Although Grant was a first-round draft for the Philadelphia Eagles in 1950, he delayed his NFL debut to play for the Minneapolis Lakers of the NBA mid-senior year. He played as a backup for two seasons and was part of a title-winning team in his rookie year.

In 1951 he joined the Eagles. At 6-foot-3 and 200 pounds, Grant played defensive end as a freshman and became a receiver in his sophomore season. In 1952 he caught 56 ​​passes, the second most in the league.
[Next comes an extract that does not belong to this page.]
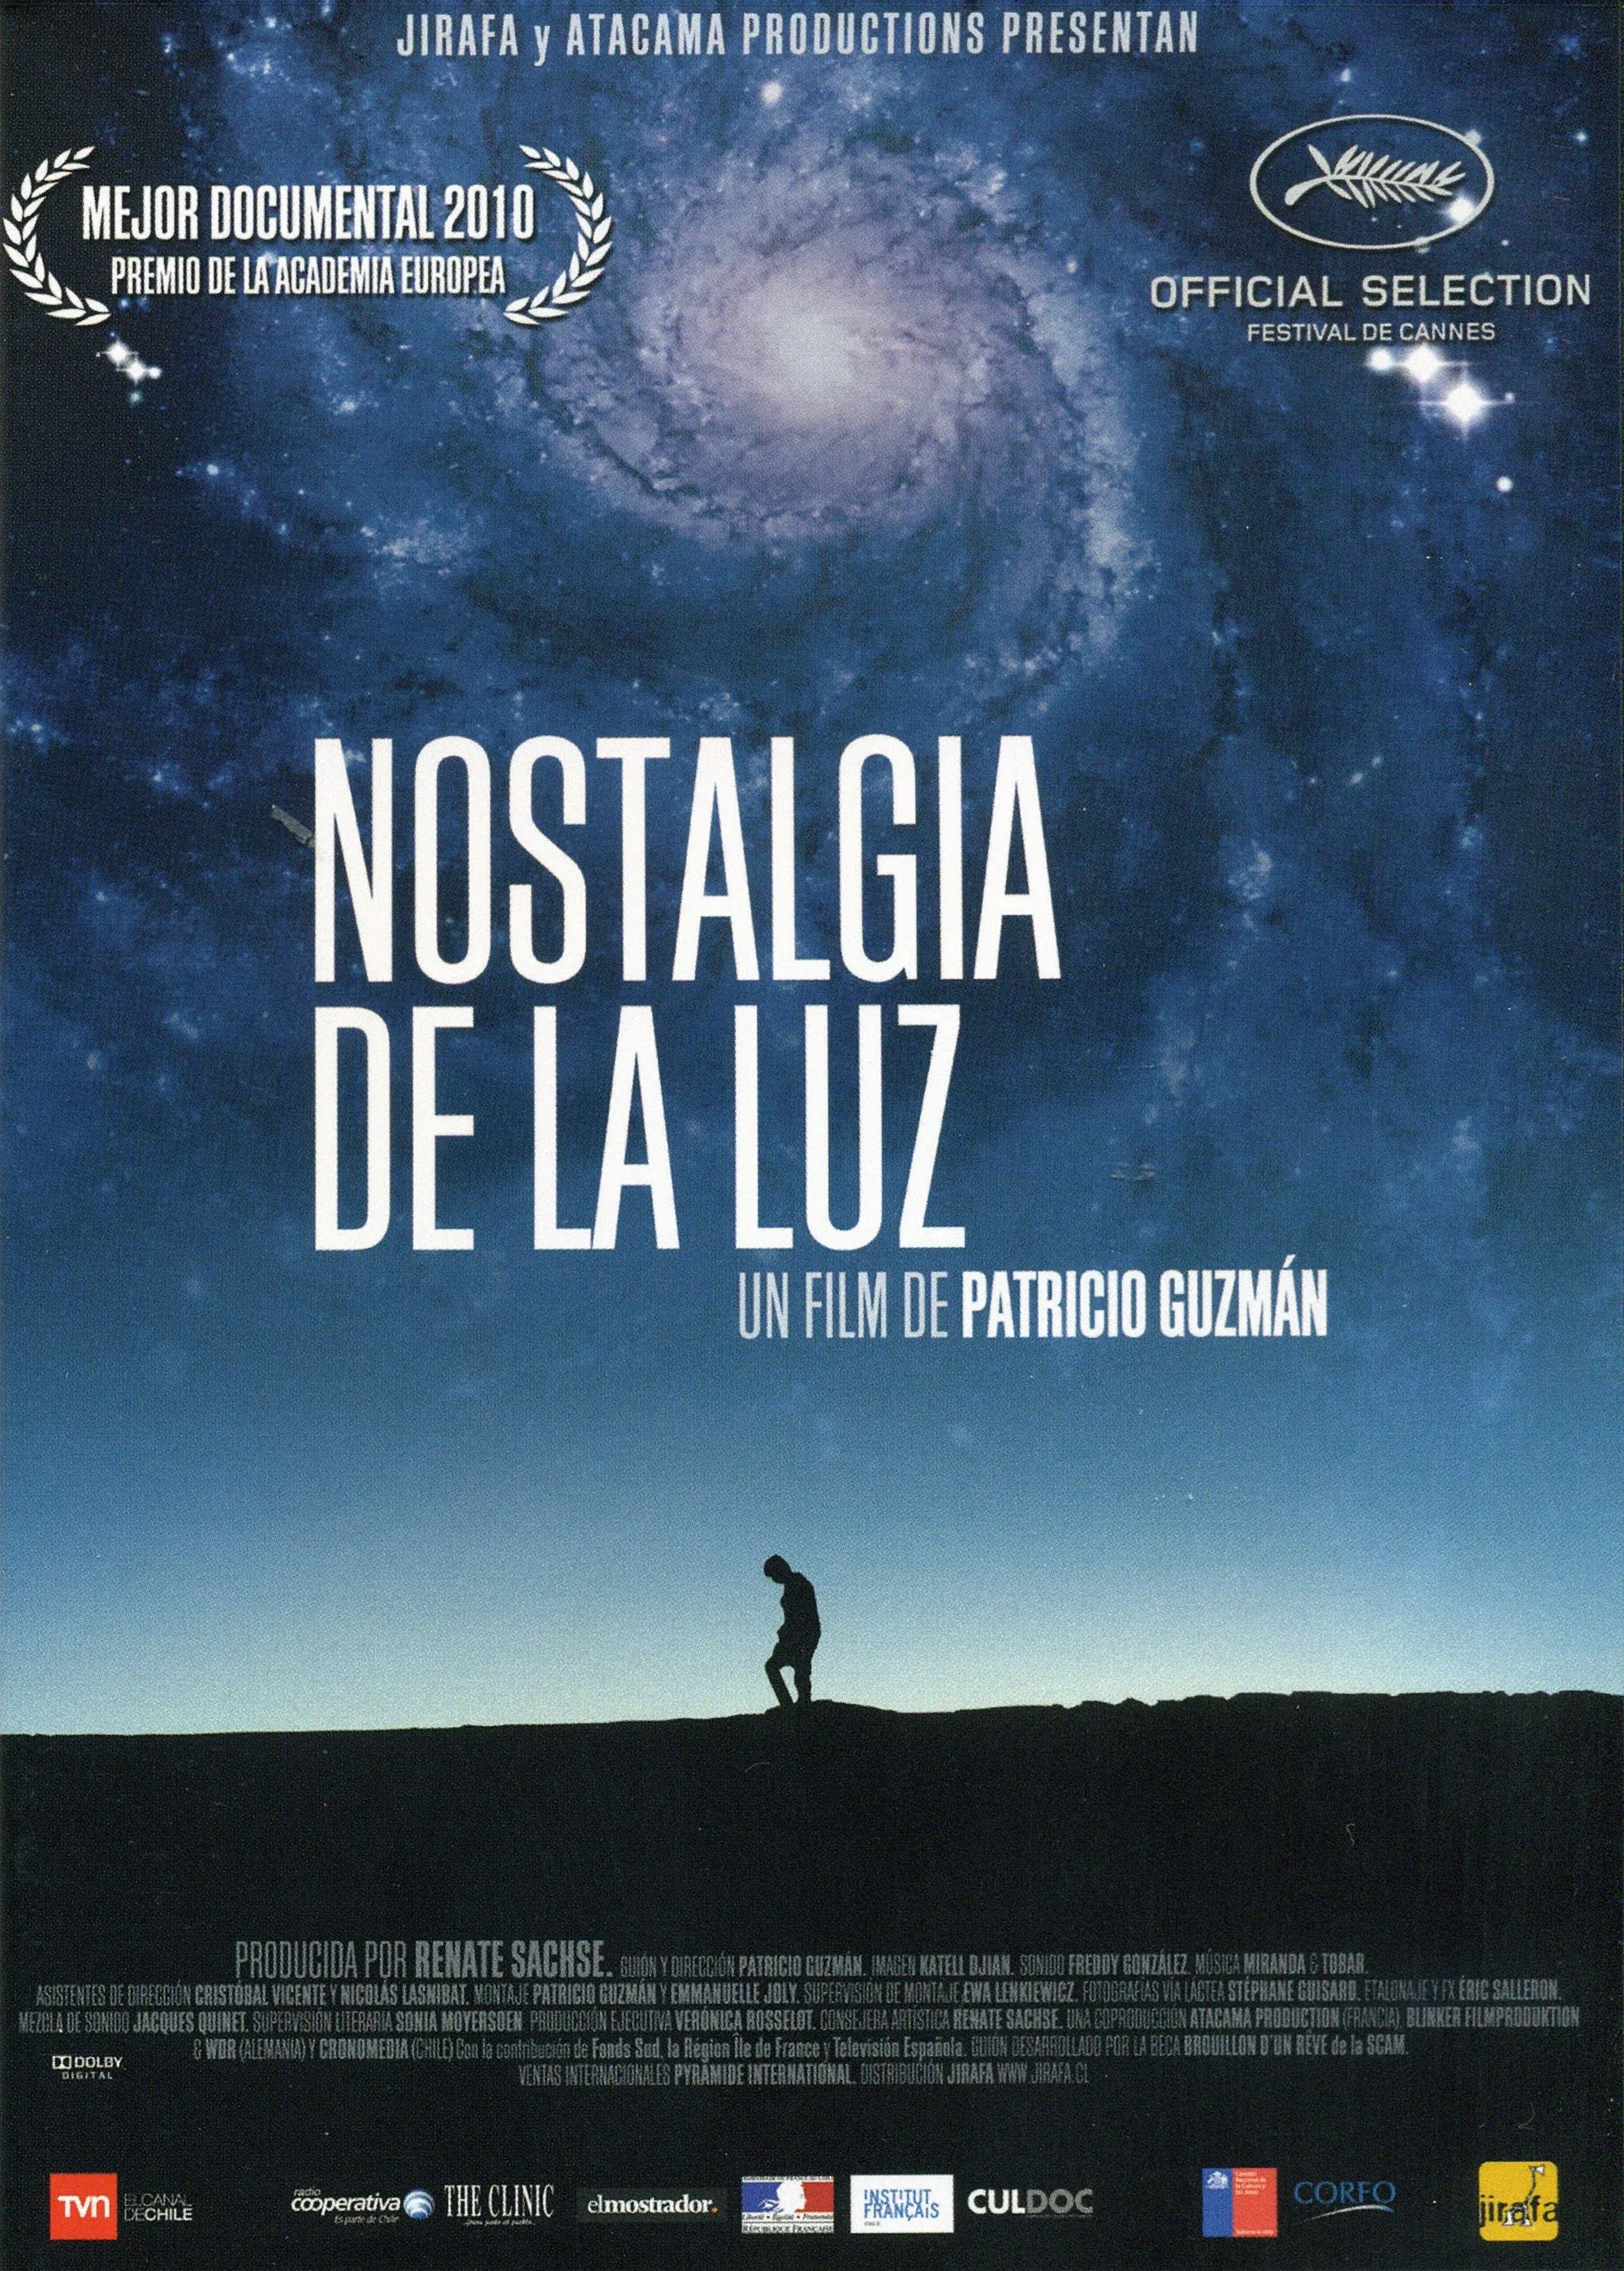 Cartel de Nostalgia de la luz, Patricio Guzmán, 2010.
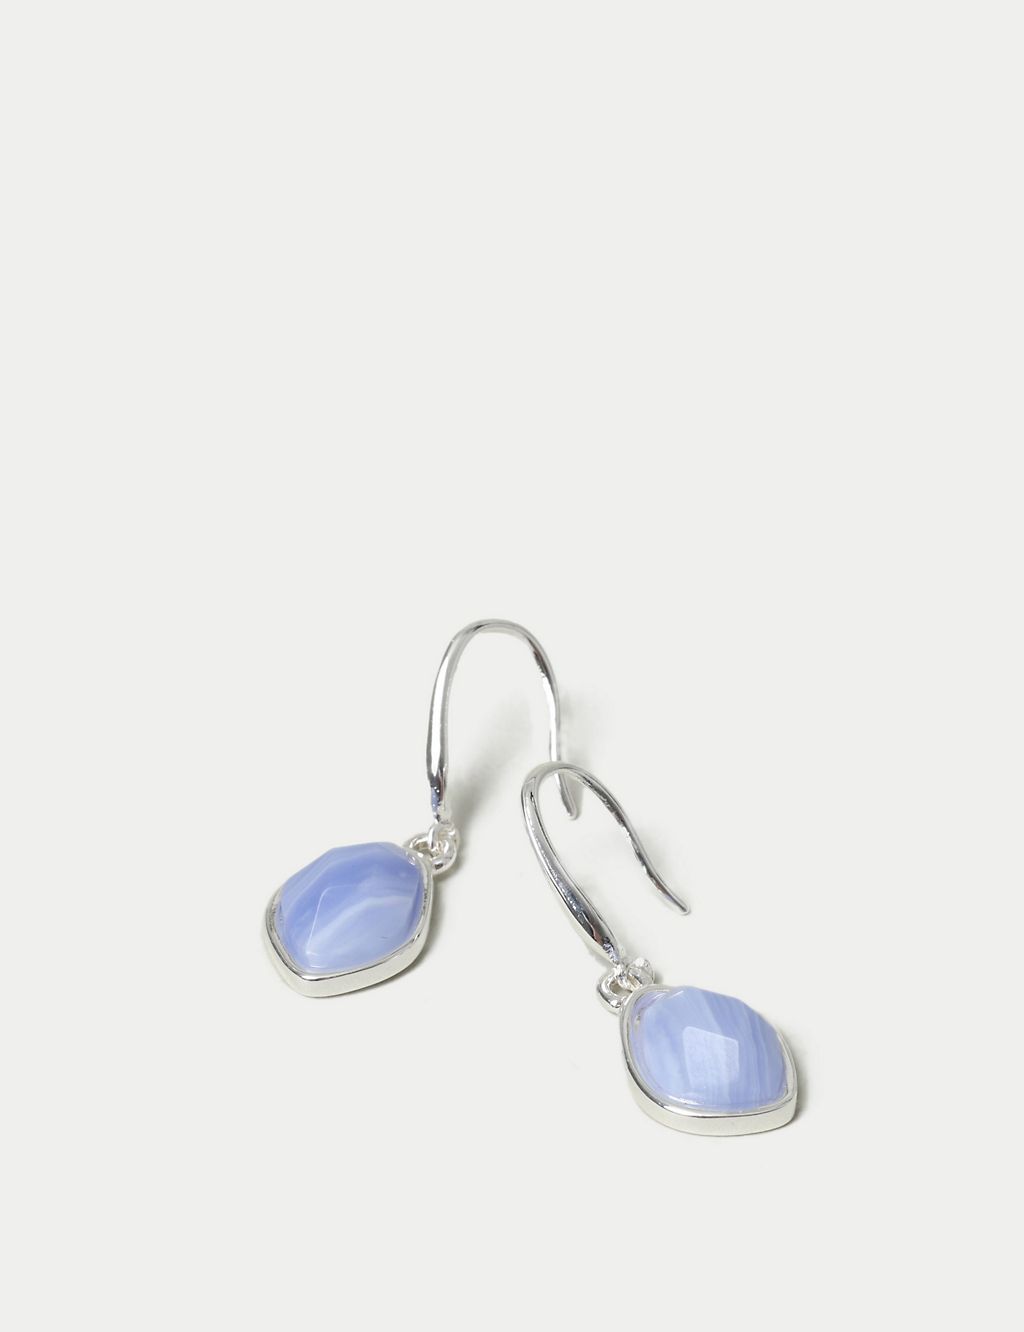 Blue Lace Agate Drop Earrings 2 of 3

After a contract dispute, Grant joined the Winnipeg Blue Bombers of the Canadian Football League and was the first professional player to exercise his option and transfer to another team. As a receiver and cornerback for the Blue Bombers, he led the Western Conference in pass receptions in three of his four seasons with the team. He intercepted a record five passes in a playoff game.

At 29, Grant was named Winnipeg’s head coach, and in 10 seasons (1957-66) he compiled a 102-56-2 regular-season record and won four Gray Cup championship games. He was voted CFL Coach of the Year in 1965 and was inducted into the CFL Hall of Fame in 1983.

Grant’s wife Pat died in 2009. He is survived by their two daughters, Kathy Fritz and Laurie Tangert, and three sons, Harry (known as Peter), Mike and Dan. Another son, Bruce, died in 2018. He is also survived by a brother, Jack; 20 grandchildren; and 21 great-grandchildren.

In a sport dominated by technocrats and strongmen, Grant showed there was another way to becoming a coach.

“I don’t know Bud can sketch five plays, but for heaven’s sake, does he know people?” Fran Tarkenton was quoted in Bud: The Other Side of the Glacier, a biography written by Bill McGrane and published in 1986. “He excels at leading people and making decisions. He’s where the buck stops.

“There is no committee; there is only Bud. He makes more sense than anyone I know.”